John Chapman, Nedlands, WA
On energy and climate Scott Morrison is a hybrid. He is wary of the economic cost of any more climate schemes, which, as Tony Abbott so aptly described, was “socialism masquerading as environmentalism”. Yet the Prime Minister cannot credibly explain his “technology agnosticism” when his government backs Malcolm Turnbull’s $10.5 billion-plus Snowy 2.0 project, saying that it qualified as nation building, yet the call for a government-backed HELE (high efficiency, low emission) coal plant does not. To really differentiate himself from his predecessors, Morrison needs to come up with the “vision thing”. Going nuclear would help.
Mandy Macmillan, Singleton, NSW
Matt Canavan highlights the hypocrisy of Anthony Albanese and Labor with its flip-flop stance on coal-fired power (“Unicorns pop up everywhere, but Albanese says it’s just horse manure,” 18/2).

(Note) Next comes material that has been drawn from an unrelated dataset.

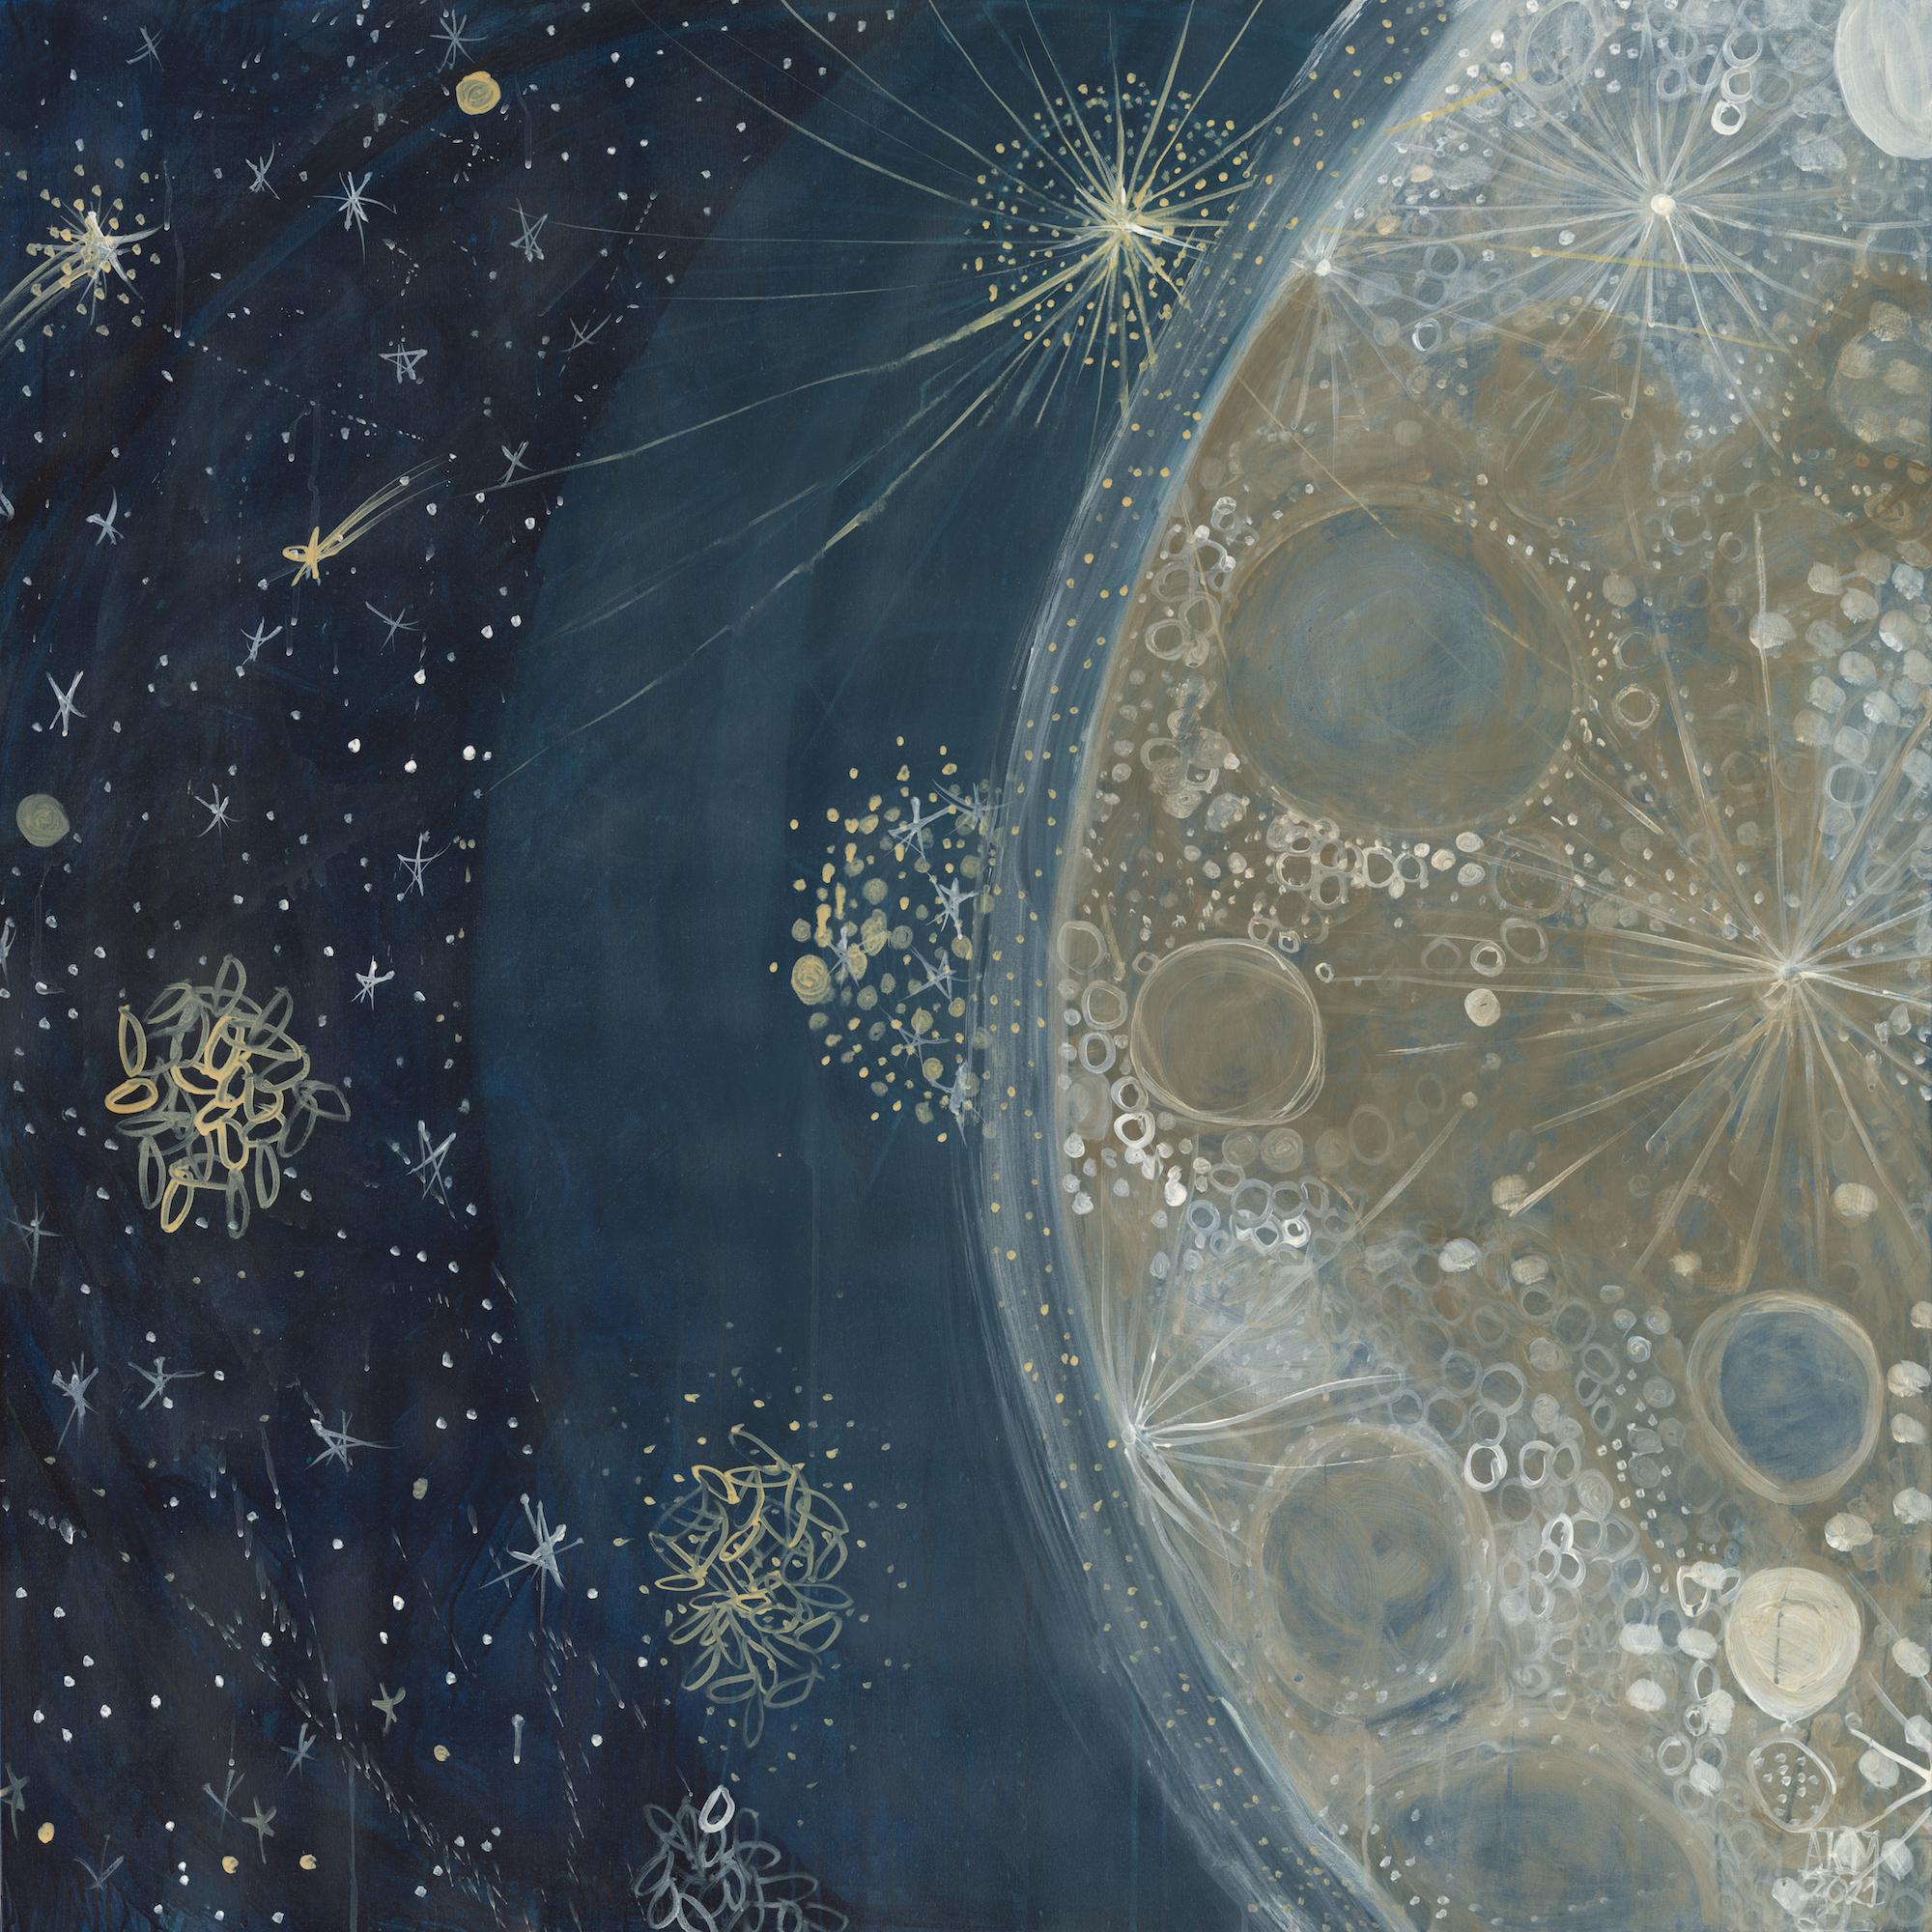 Alex K. Mason Landscape Painting – Abstraktes Celestial-Gemälde in Mischtechnik auf Leinwand Blau, Gold, Weiß

“Each way Albo” (with a nod to Sky’s Paul Murray) is going down the same path as Bill Shorten, hence the emergence of the Otis Group. This flank of the Labor Party knows if the party repeats the same mistake as Shorten they are toast.
The left is squealing about one coal-fired power station in far-north Queensland, while the world continues to build hundreds more. Why are we sabotaging ourselves?
Gabrielle Baker, Carina, Qld
On this day, back in 2010 President Barack Obama announced more than $8 billion in new federal loan guarantees to build two nuclear reactors in Georgia, in the US. The tragic reality is that Australian governments, Coalition and Labor alike, are prepared to sacrifice the national interest on the altar of politically correct anti-nuclear idiocy.